About the Deep Web
You don’t know what you’re missing.
What is Deep Data?
Deep Data, sometimes referred to as invisible or hidden data, is content that is locked away behind Web search forms in databases that standard crawl techniques cannot easily crawl through. A specialized Deep Web harvester, like that developed by BrightPlanet, is necessary for extracting this content through directed query techniques. Without a query, Deep Web content remains locked up and inaccessible to traditional Web search engines.
Deep Data is there for the taking from the Open Source Public Web as well as from proprietary websites and private databases. But all Deep Data requires an exacting expertise and specialized harvesting tool to find and extract it.
Where is the Deep Web?
The Deep Web is a far vaster mother lode of information than the Surface Web. Some say the Deep Web is as much as a thousand times greater in size. And it’s not just a matter of quantity, but quality as well. The Deep Web consists of both structured and unstructured content compiled by experts, researchers, analysts and automated processing systems working behind the scenes at an array of institutions throughout the world.
Ordinarily, this content cannot easily be found by using typical link traversal techniques as employed by traditional search engine crawlers. So this richest of content lies untapped without a dedicated harvesting technology that can ask a custom—even complex—query that is beyond the capability of link traversal systems.
(Exploring a ‘Deep Web’ that Google can’t Grasp: NYT 2-23-09 http://www.nytimes.com/2009/02/23/technology/internet/23search.html?_r=1&ref=business
Who is BrightPlanet?
BrightPlanet is the pioneer in harvesting high quality content from the Deep Web and making it accessible for those who need the valuable, untapped resources that lie beneath the Surface Web.

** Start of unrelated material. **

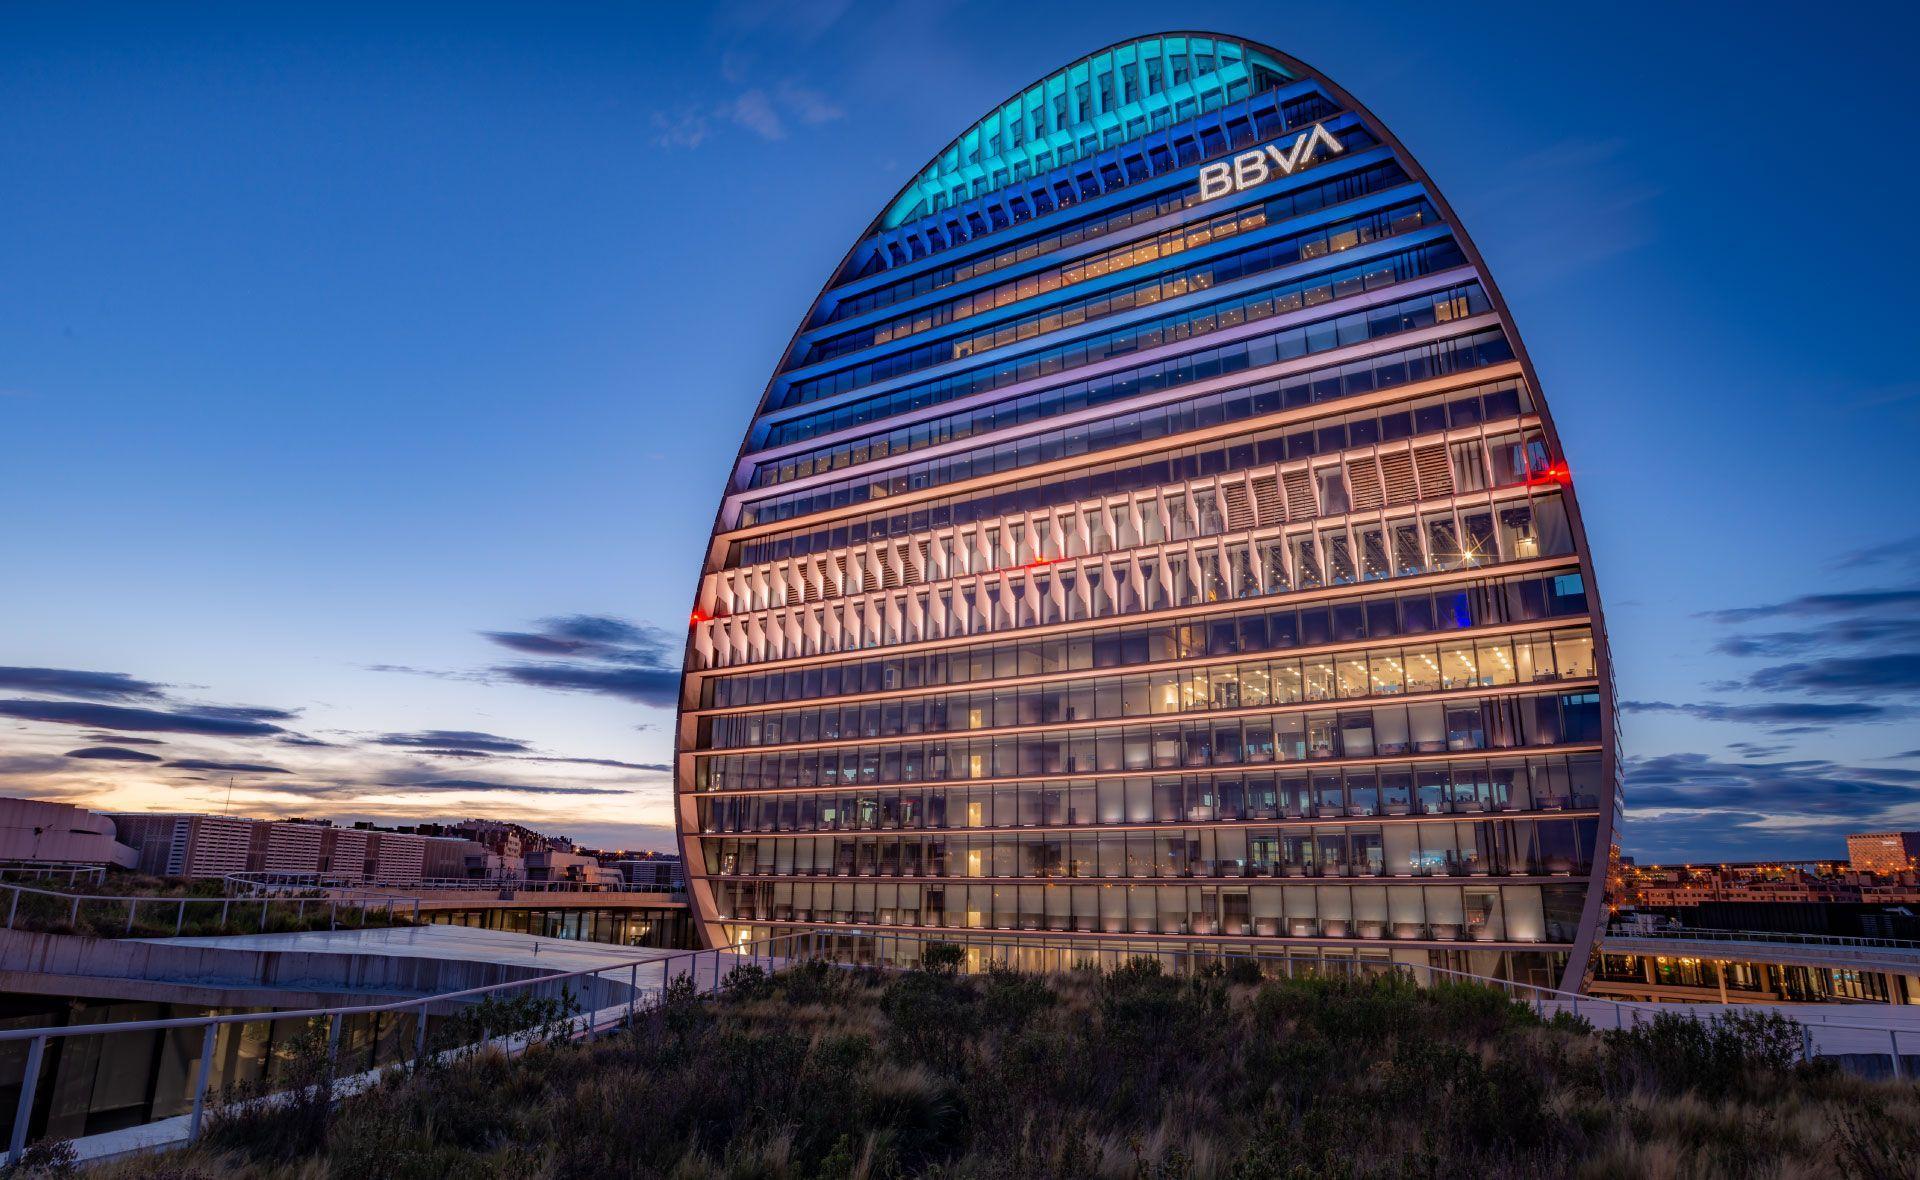 BBVA duplica resultado de los tres primeros meses y gana €636 millones en el segundo trimestre

The company has more than a decade of experience working with the Intelligence Community in its War on Terror to target and access data hidden beyond the reach of typical Web search engines. BrightPlanet is now bringing its patented Deep Web harvesting technology to the commercial and research community through multiple service solutions.

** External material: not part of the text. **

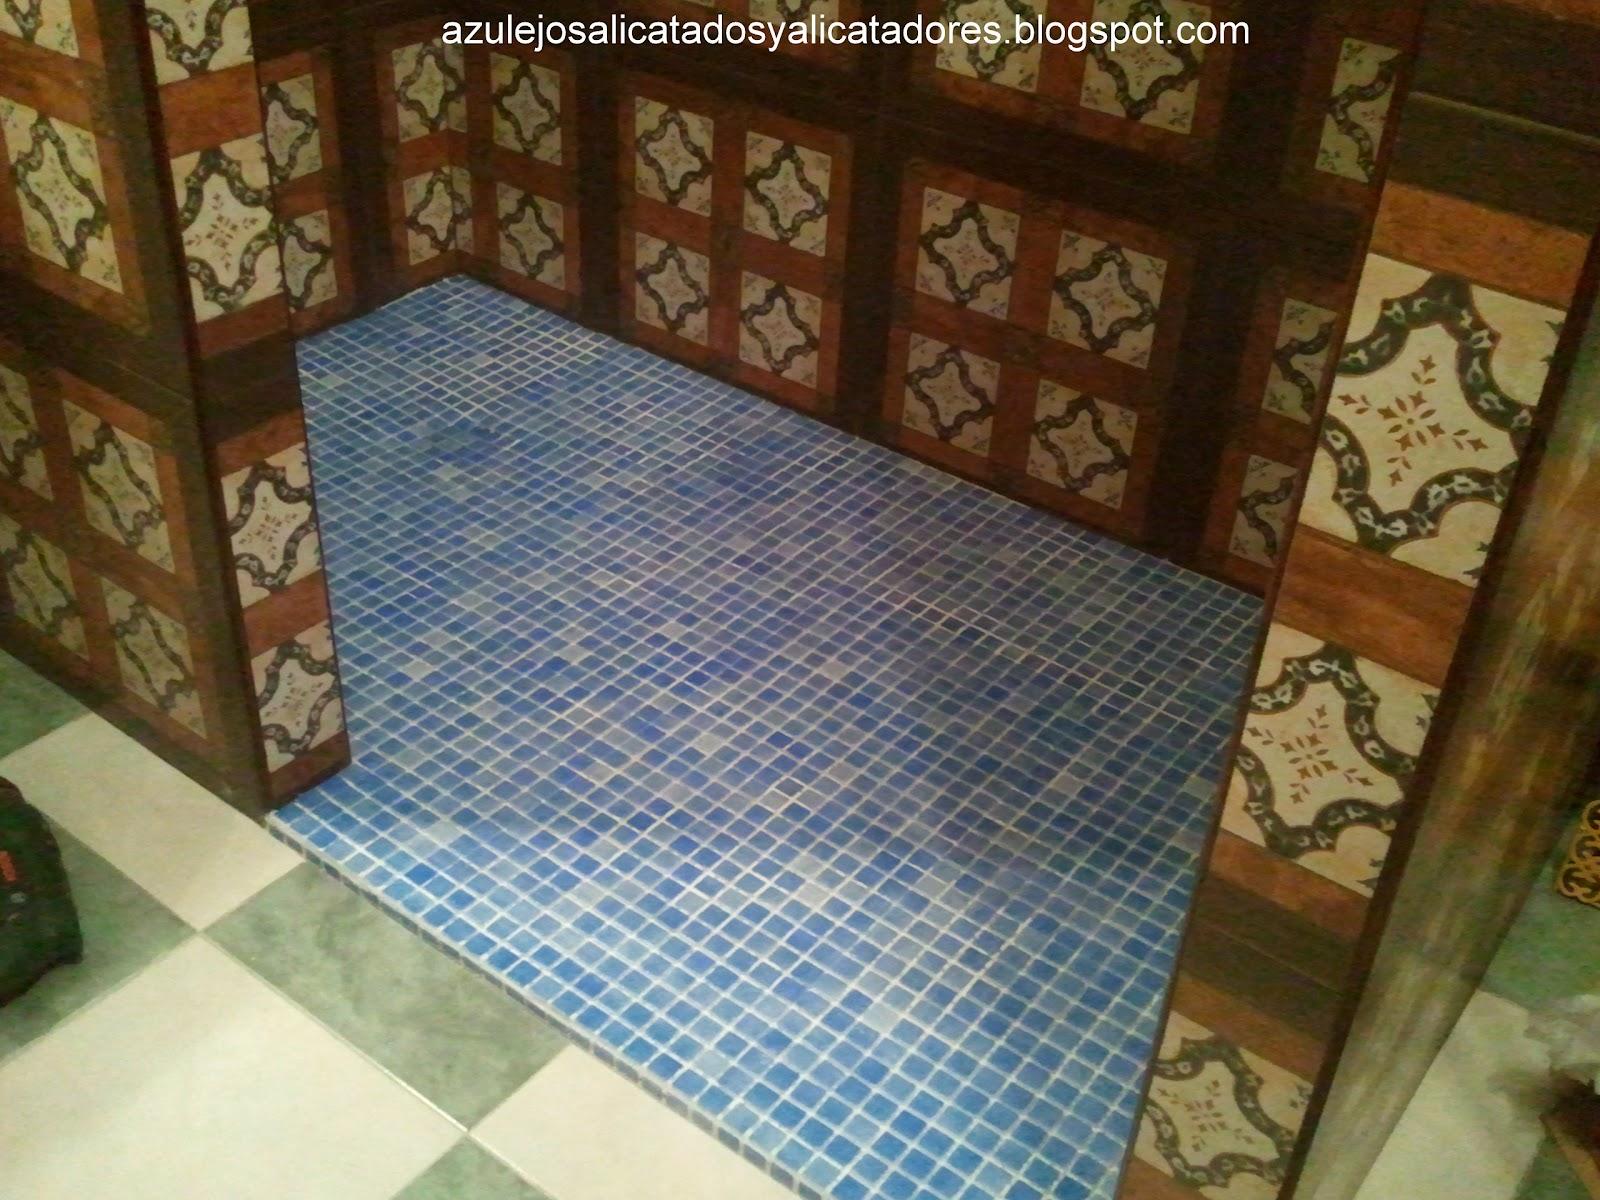 Azulejos alicatados y alicatadores ducha adaptada a - Suelo antideslizante ducha ...

In bypassing a requirement for one-off scripts that need to be built by hand, BrightPlanet’s software employs technologies specially designed to harvest data/documents from:
- The rich, but largely unexplored Deep Web
- Proprietary Data sources
- Customer's Internal / Private Data sources
- And the conventional Surface Web
This powerful solution not only harvests content, but also federates and normalizes it regardless of its source language, document encoding, format, or storage mechanism. The result is high-quality, relevant data for wide-ranging uses by analysts and analytic technologies.
What OSINT Is.....and Isn’t.
Open Source Intelligence, often referred to as OSINT, is an information processing discipline that involves finding, selecting and acquiring information from publicly available sources and analyzing it to produce actionable intelligence for business purposes.
Open Source Intelligence (not to be confused with open source software licensing like Linux) is neither covert nor classified information. Instead, it is overt or public information that is often hidden nonetheless because of the vast and impenetrable nature of the Deep Web. BrightPlanet has years of experience helping the Intelligence Community to penetrate the Deep Web and harvest mission-critical content buried within it.
How Come My Little Search Engine Cannot Find Big, Deep Data?
While mainstream search engines can locate some Deep Data, their coverage is often sporadic and intermixed with content that is less relevant or more popular than useful. To find exactly what you want, users of these little-engines-that-really-can’t must traverse through all the content within each surface site as well as conduct their own additional queries and link traversals on each targeted finding.
Furthermore, for researchers to find Deep Data through traditional search engines, they must rely on their own content expertise and personal skills to navigate the Web one-click-at-a-time (link traversal), a grossly inefficient process of conducting research.
Where Is This Deep Data Gold?
Limiting Web searches to a single, one-dimensional source produces results that are both superficial and skewed. BrightPlanet overcomes this issue by harvesting from many sources — 10...20...even 100s — which yield a far more streamlined set of documents with far more relevant content and better coverage.
Traditional search engines that are tethered to the Surface Web often contain content that is out-of-date, leaving their users with no way to refresh or update their indexes. Traditional search engines also produce a lot of false positive results (documents that may match your query but do not match what you are searching for).
When Can BrightPlanet Go to Work for Me?
Immediately.
Standard search engines do not deliver access to actual content, only links to content. A BrightPlanet harvest on the other hand will provide a fully normalized version of the content that can then be further processed with analytics, reports or visualization tools. You get the actual content, not just the link.
BrightPlanet automates custom queries that target Deep Web sites to meet your explicit content needs, resulting in relevant, high-quality content from the Deep Web. Without the usual hunting and pecking, topic-specific queries can quickly narrow in on topic-specific answers--throwing lots of light on big, dark problems and unseen opportunities.